The Edwards Aquifer is not just a geological curiosity — it is the single most important physical factor affecting property values, buildability, and long-term livability across the Texas Hill Country. For buyers relocating from municipal-water markets, the learning curve starts here.
What the Edwards Aquifer actually is
The Edwards Aquifer is a karst limestone aquifer stretching approximately 180 miles across Central Texas, from Brackettville in the west to near Austin in the northeast. It stores water in a honeycomb of porous limestone — dissolved passages, fractures, and caverns — not in a uniform underground lake. This matters because well performance can vary dramatically between two properties a quarter-mile apart.
The aquifer is divided into three segments: the San Antonio segment (the most productive, underlying Bexar, Medina, and portions of Kendall County), the Barton Springs segment (Austin area), and the northern segment. The Boerne and Fair Oaks Ranch areas sit predominantly over the catchment and contributing zones of the San Antonio segment.
Well depth and flow rate: the two numbers that matter
When evaluating a property, you need two data points from the well log: total depth and tested flow rate in gallons per minute (GPM). In Kendall County, residential wells typically range from 300 to 800 feet deep, with flow rates between 5 and 40 GPM.

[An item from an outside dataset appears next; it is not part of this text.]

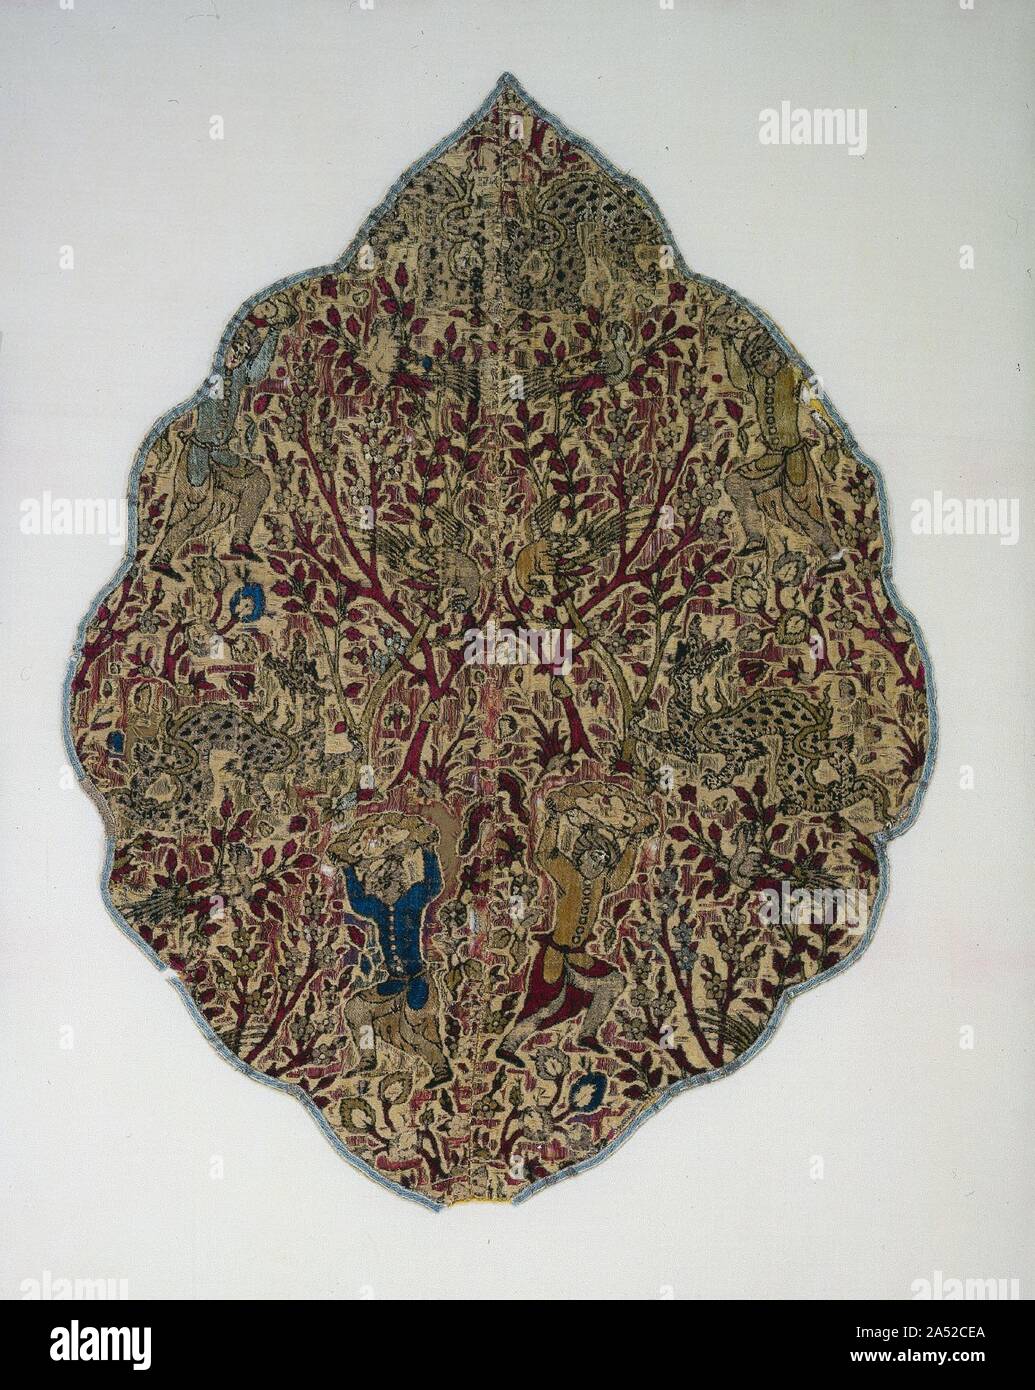 Tente avant d'un dragon slayer, 1550-1599. Ce médaillon velours décoré l'intérieur d'une tente impériale, peut-être donné par Shah Tahmasp à un sultan turc ottoman. Capturé après le siège ottoman de Vienne en 1683, le médaillon a été avancé comme butin de guerre par le commandant en chef Prince Sanguszko de Pologne par dont le nom cela et d'autres panneaux sont connus. Ici, un dragon slayer habillé en 16ème siècle tenue de la cour s'apprête à lancer un rocher à ses crocs d'un dragon dans un paysage avec des arbres fruitiers en fleurs et oiseaux perchés. A l'origine, la terre était couverte d'ivoire doré coûteux-met Banque D'Images
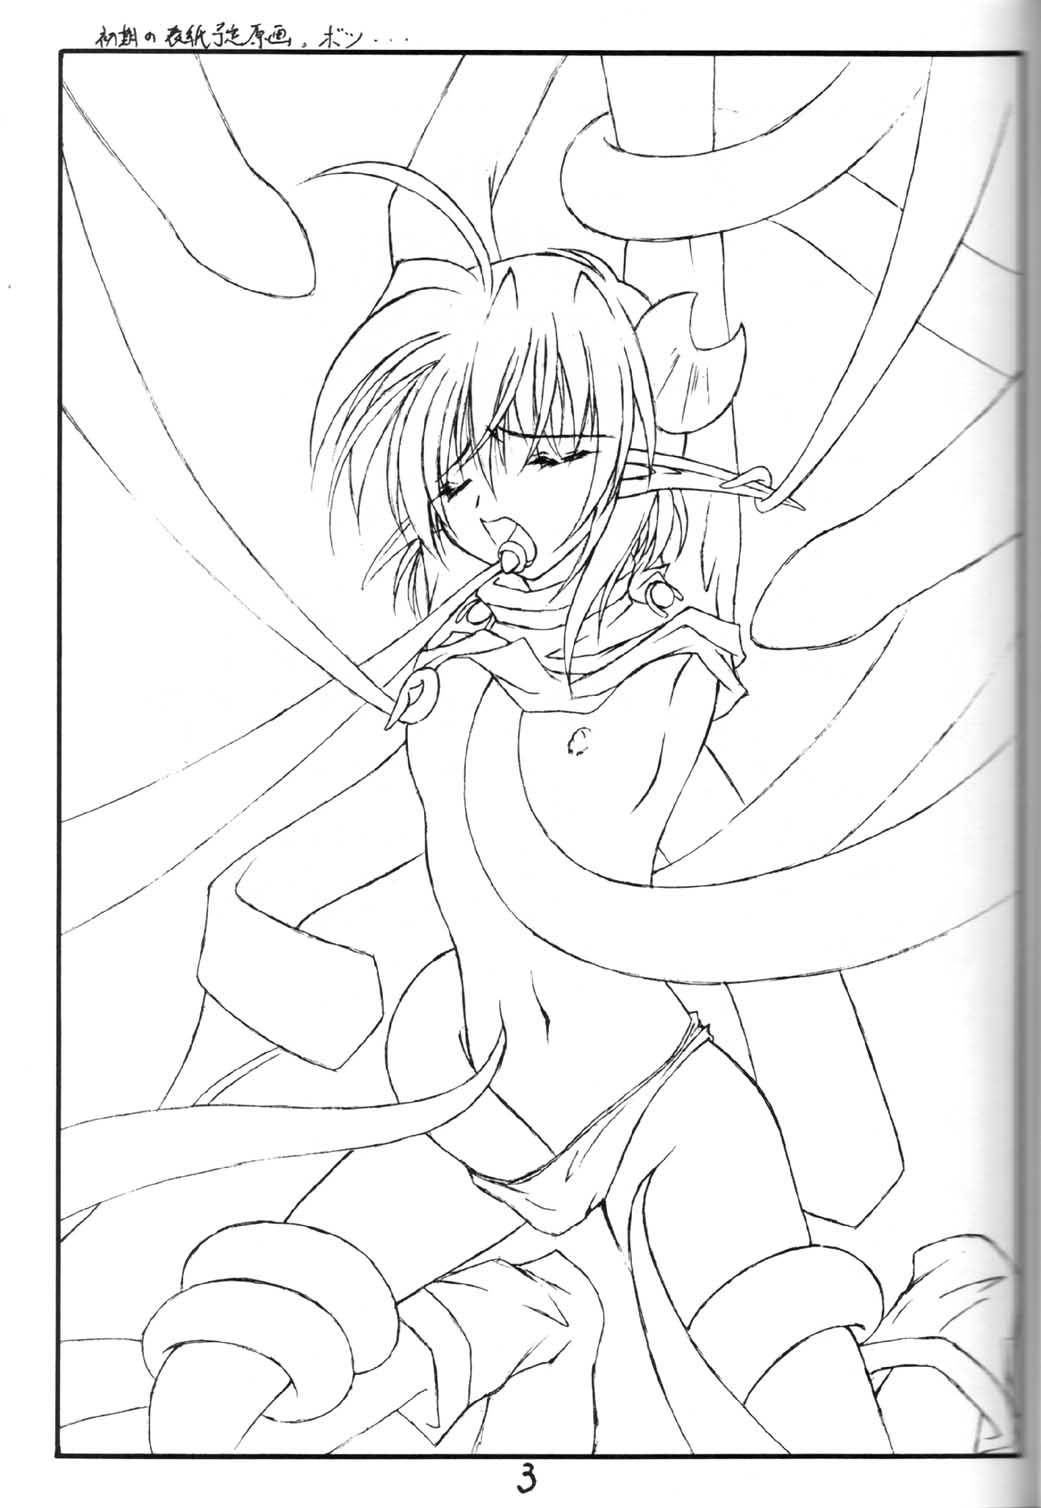 Zorra Elf's Ear Book 7 - Kamigami no Tasogare - Star ocean 2 Free Blow Job - Page 2

A 5 GPM well can support a single-family household with conservative water management. A 10 GPM well provides comfortable margin. Below 3 GPM, you are looking at supplemental storage tanks and careful usage planning.
Ask the seller for the Texas Department of Licensing and Regulation (TDLR) well report. If they cannot produce it, order a flow test and water quality panel before the option period expires. These tests typically cost $400 to $800 — inexpensive compared to the cost of discovering an underperforming well after closing.
The drought reality
Edwards Aquifer levels fluctuate seasonally and cyclically. During drought conditions — which recur on roughly 7- to 10-year cycles in this region — the aquifer can drop 30 to 50 feet or more. Wells that perform adequately in wet years may slow to a trickle in drought years. J-17, the index well in Bexar County monitored daily by the Edwards Aquifer Authority, provides the reference level. When J-17 drops below 660 feet above mean sea level, Stage 1 pumping restrictions begin; below 640 feet triggers Stage 2.
Check the current J-17 level at the Edwards Aquifer Authority website before making an offer. Factor it into your evaluation — a well that tested at 15 GPM when the aquifer was at 680 feet may produce 5 GPM when it drops to 640 feet.
Water quality considerations
Edwards Aquifer water is generally high-quality, but localized contamination can occur — particularly nitrate from septic systems, agricultural runoff, and naturally occurring hydrogen sulfide (the "rotten egg" smell common in some Hill Country wells). A standard water quality panel should test for coliform bacteria, nitrates, pH, total dissolved solids, hardness, and any contaminants of local concern. Budget $300 to $500 for a comprehensive test and factor any required treatment systems into your purchase decision.
Bottom line
Water is the Hill Country's limiting resource. The Edwards Aquifer is a productive but finite system. Understand it before you buy, and you will make a better decision — not just on this property, but on whether this property is right for you at all.